1.一种耐热耐碱阿魏酸酯酶的制备方法，其特征在于，包括：步骤1：以卷曲乳杆菌的DNA为模板，PCR扩增阿魏酸酯酶基因片段，制备含有阿魏酸酯酶基因的重组大肠杆菌，所述阿魏酸酯酶基因的核苷酸序列如SEQ ID NO.1所示，PCR扩增所使用的上下游引物分别为：

上游引物FaeLcr‑F 5′‑atacatatgtcccgcgttacaattg‑3′下游引物FaeLcr‑R 5′‑gcgctcgagaaataatggttttaaaaattg‑3′；

步骤2：将所得阿魏酸酯酶基因片段经NdeI和XhoI双酶切，与相同酶切线性化的表达载体pET‑22b(+)连接，构建得到重组表达载体pET‑FaeLcr；将重组表达载体pET‑FaeLcr转化至宿主菌种大肠杆菌中，得到重组大肠杆菌；

步骤3：将所述重组大肠杆菌经IPTG诱导发酵，去除菌体，制备得到阿魏酸酯酶。

2.根据权利要求1所述的耐热耐碱阿魏酸酯酶的制备方法，其特征在于，所述步骤1中，卷曲乳杆菌的DNA获得方法为：取过夜活化的卷曲乳杆菌菌液1ml，6000rpm,4℃离心3min收集菌体，重悬于567μl TE缓冲液，所述TE缓冲液pH 8.0由10mM Tris‑HCl和1mM EDTA配置而成，添加25μL 50mg/ml溶菌酶，混匀，37℃水浴处理1h；加入30μL质量百分比10％SDS、3μL 

20mg/ml的蛋白酶K，65℃条件下水浴1h，再加入预冷的氯仿3mL，混匀后离心收集上清；加入等体积预冷的体积比为25：24：1的苯酚：氯仿：异戊醇混合溶液，颠倒混匀后离心，取上层水相加入等体积的体积比为24：1的氯仿：异戊醇，再次离心，取上层水相加入0.6倍体积的预冷异丙醇，室温水浴醇沉1h，离心收集沉淀；最后用70％乙醇清洗沉淀2次，吹干，取40μL TE缓冲液溶解沉淀，即得卷曲乳杆菌DNA。

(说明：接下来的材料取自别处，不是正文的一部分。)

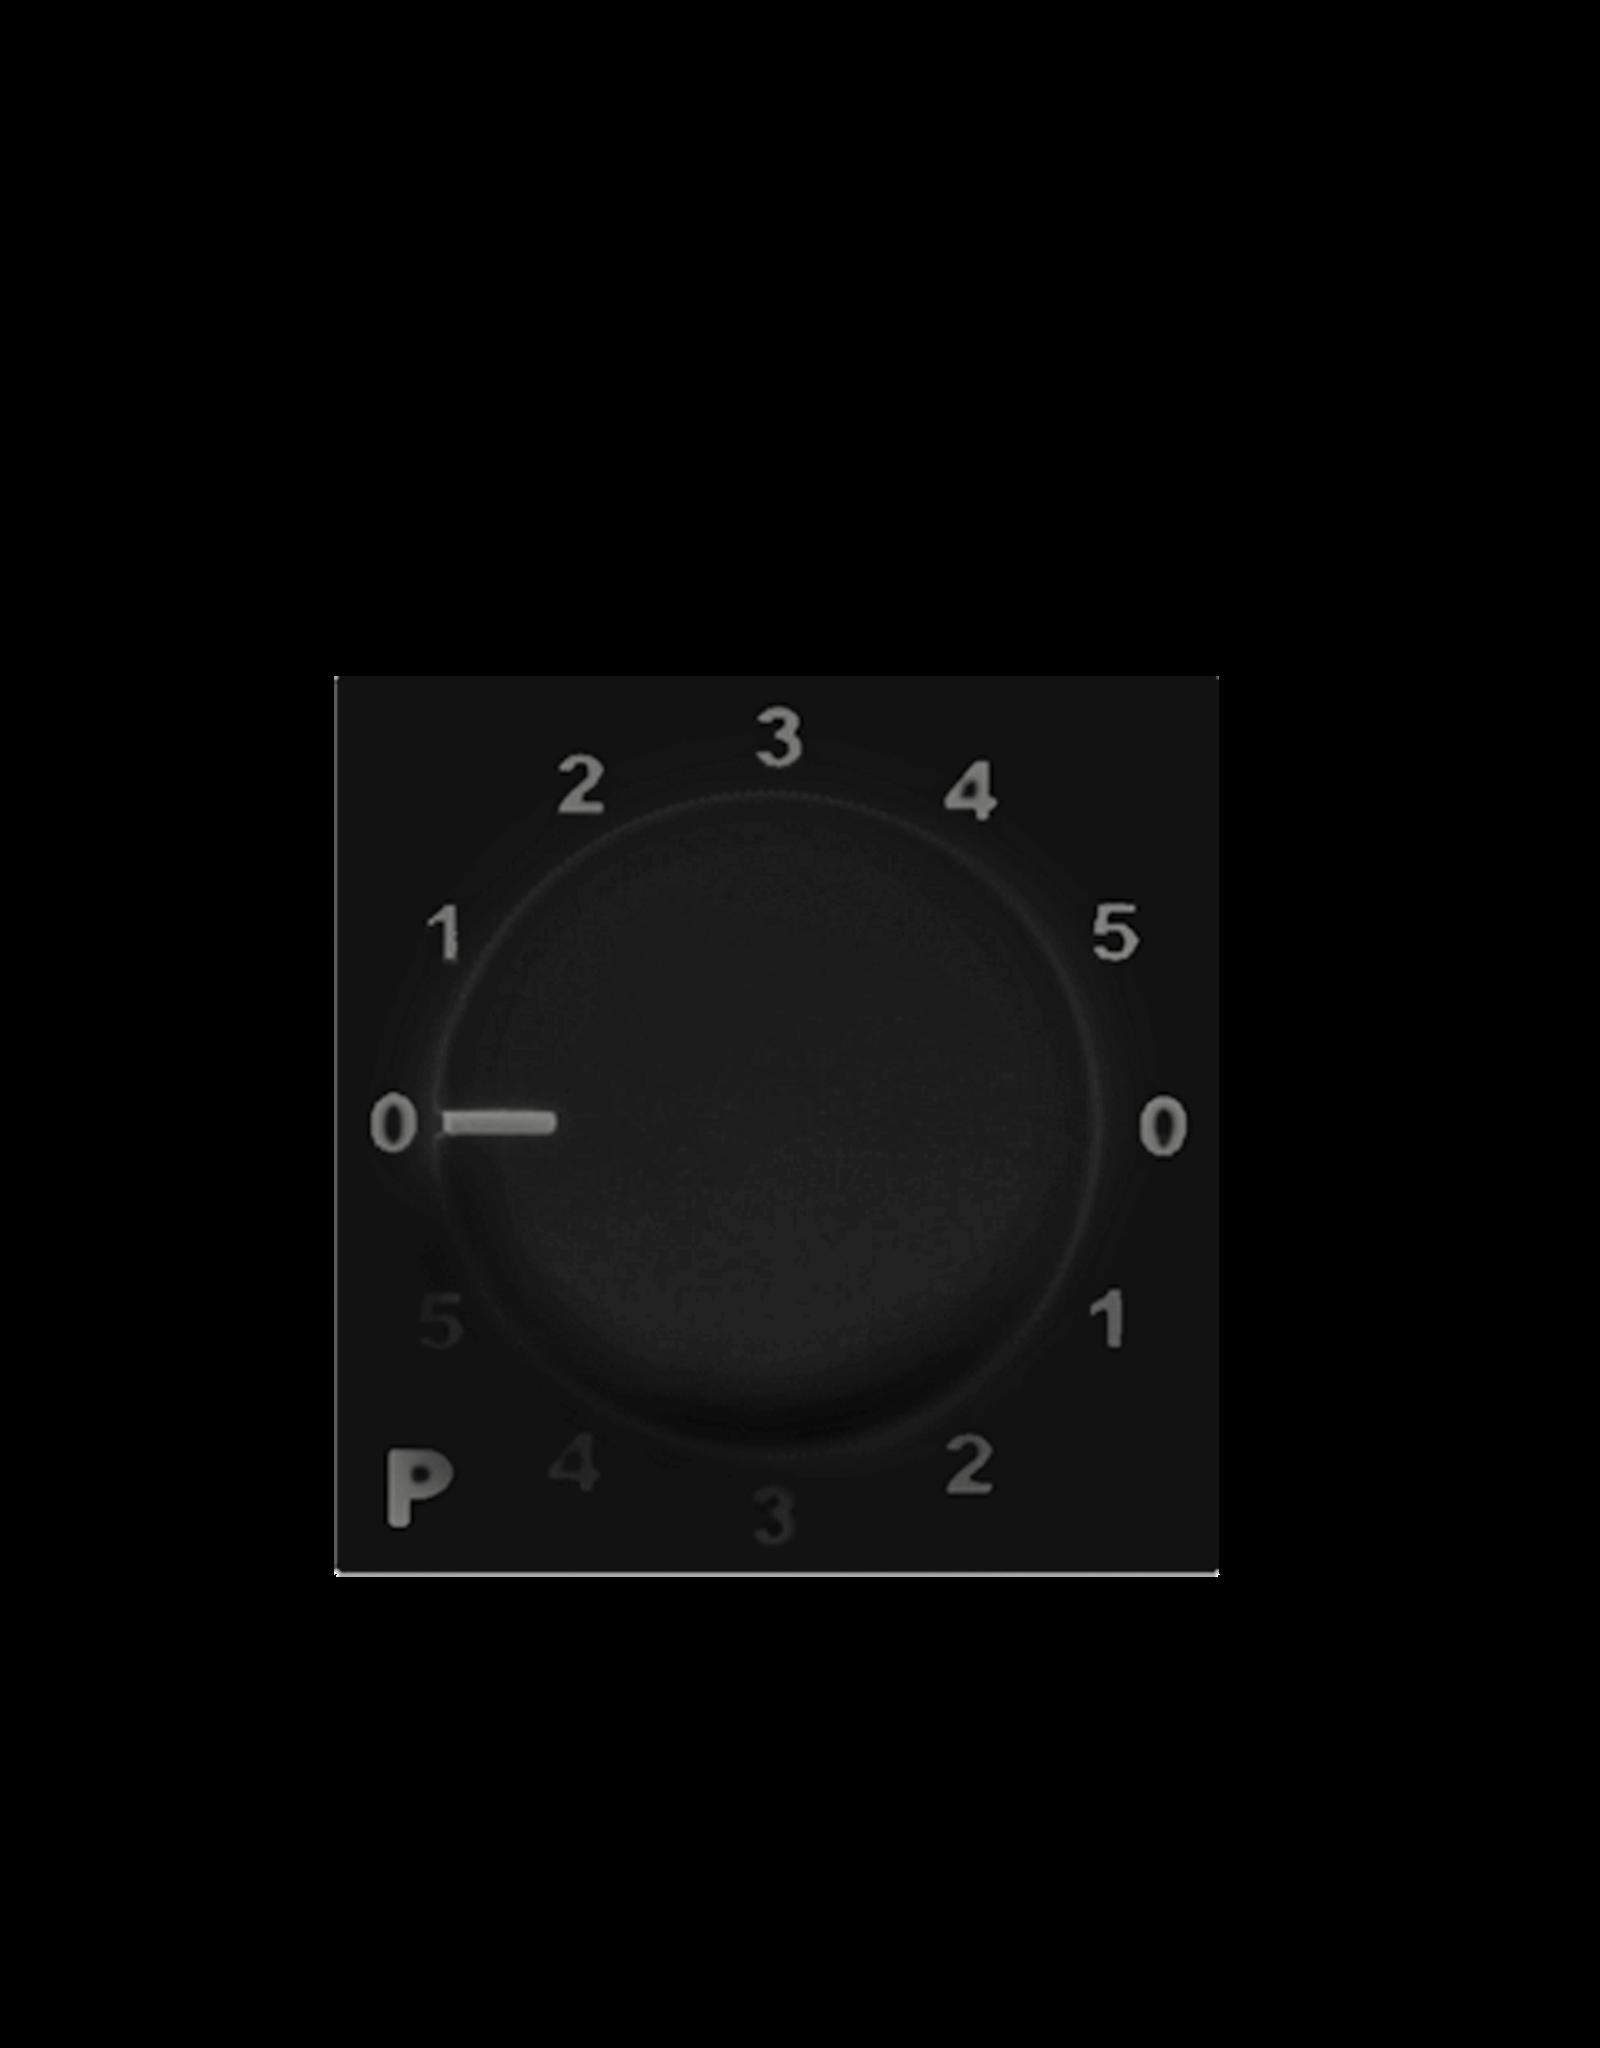 Audac Program selector 45 x 45 mm Black version
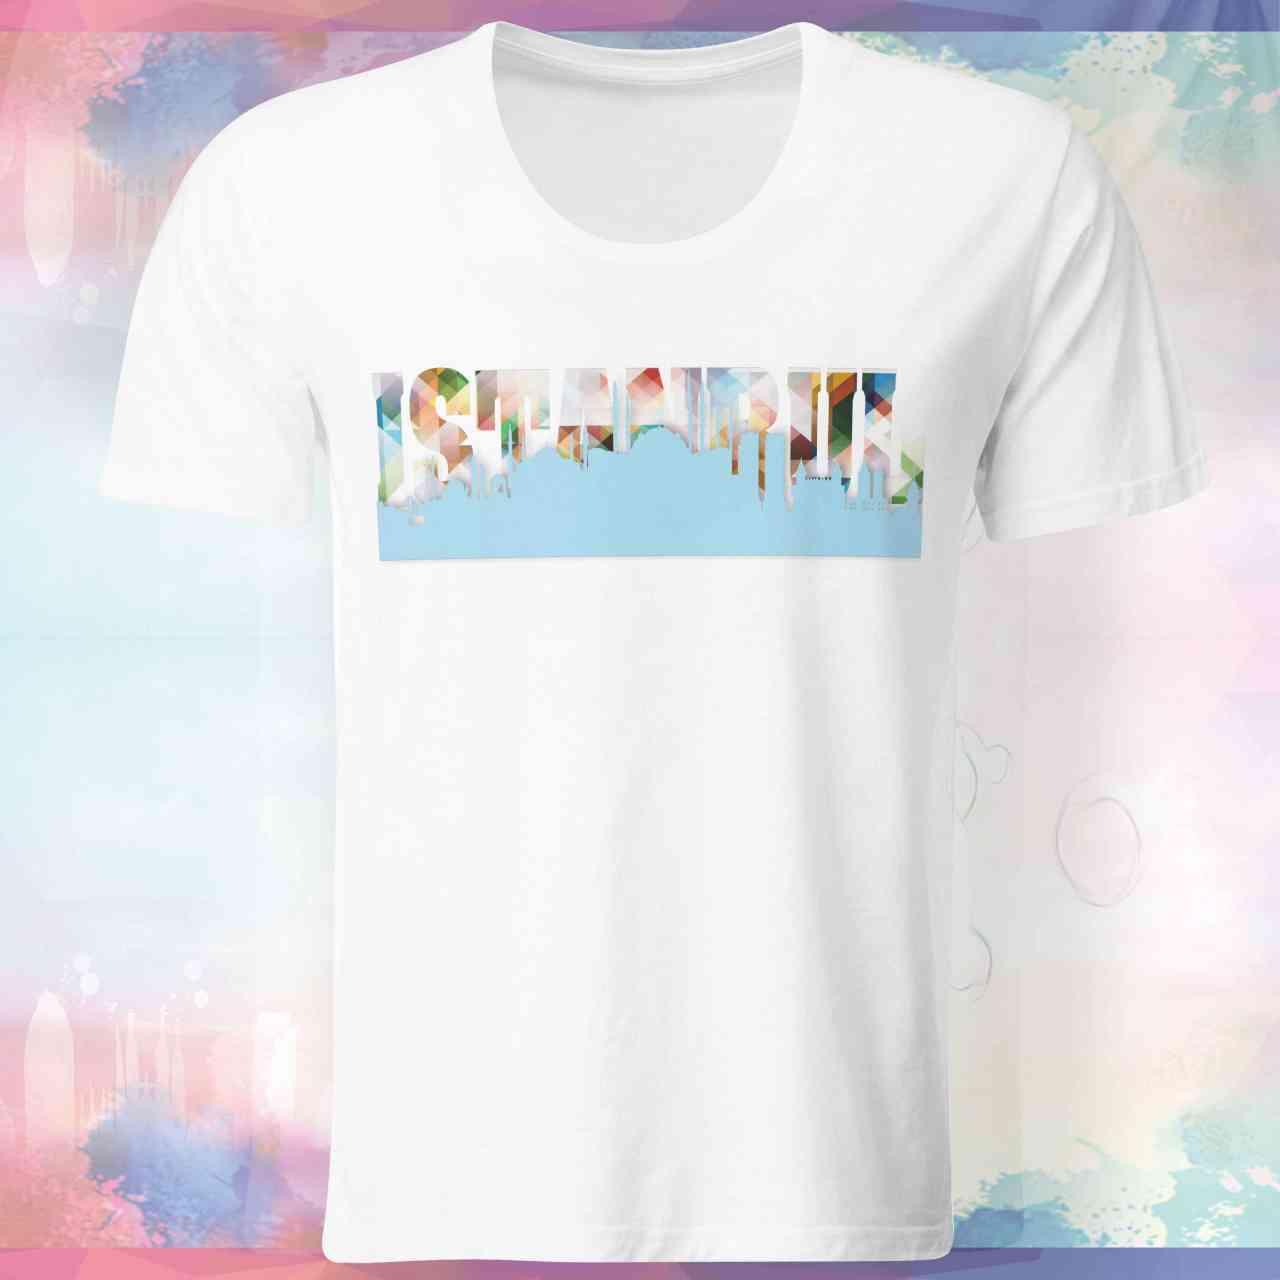 Istanbul Skyline Shirt | Istanbul Skyline T-Shirt | Istanbul Skyline Tshirt

3.根据权利要求1所述的耐热耐碱阿魏酸酯酶的制备方法，其特征在于，所述步骤1中，PCR扩增条件：2×Taq Master Mix 25μL，10μM的上下游引物各2μL，DNA模板1μL,加 ddH2O至50μL；

PCR反应条件：95℃预变性5min；95℃变性30s，50℃退火30s，72℃延伸45s，30个循环，

72℃延伸10min，4℃保存。

4.根据权利要求1所述的耐热耐碱阿魏酸酯酶的制备方法，其特征在于，所述步骤2中，酶切条件为37℃，3h，酶切体系为：NdeI 5μL，XhoI 5μL，10×K Buffer 10μL，0.1％BSA 10μL，阿魏酸酯酶DNA/pET‑22b(+)质粒DNA5μg，无菌水补足至100μL；将经过双酶切的阿魏酸酯酶DNA片段和pET‑22b(+)载体DNA按照10:1的摩尔比例混合，加入T4 DNA连接酶，16℃过夜连接；将10μL连接产物加入100μL大肠杆菌BL21(DE3)感受态细胞，冰上孵育30min，42℃水浴热激60s，后加入900μL LB液体培养基37℃孵育1h；150rpm将菌液离心去掉上清液800μL，用剩余的菌液重悬菌体，涂布于加有100μg/mL氨苄霉素的LB平板；转化，得到重组大肠杆菌。

5.根据权利要求1所述的耐热耐碱阿魏酸酯酶的制备方法，其特征在于，所述步骤3中，将重组大肠杆菌接种至LB液体培养基，37℃过夜培养，取菌液，以1％‑2％接种量加入到

100mL的LB液体培养基中，37℃培养，生长至菌液OD为0.5‑0.8时，加入终浓度0.1‑1mM的IPTG，继续诱导发酵16‑24h；将诱导表达的大肠杆菌培养液，13000rpm离心10min，去除菌体，收集上清液用0.22μm滤膜过滤后，即得阿魏酸酯酶。

6.根据权利要求1‑5任一所述的耐热耐碱阿魏酸酯酶的制备方法，其特征在于，所述阿魏酸酯酶的氨基酸序列如SEQ ID NO.2所示。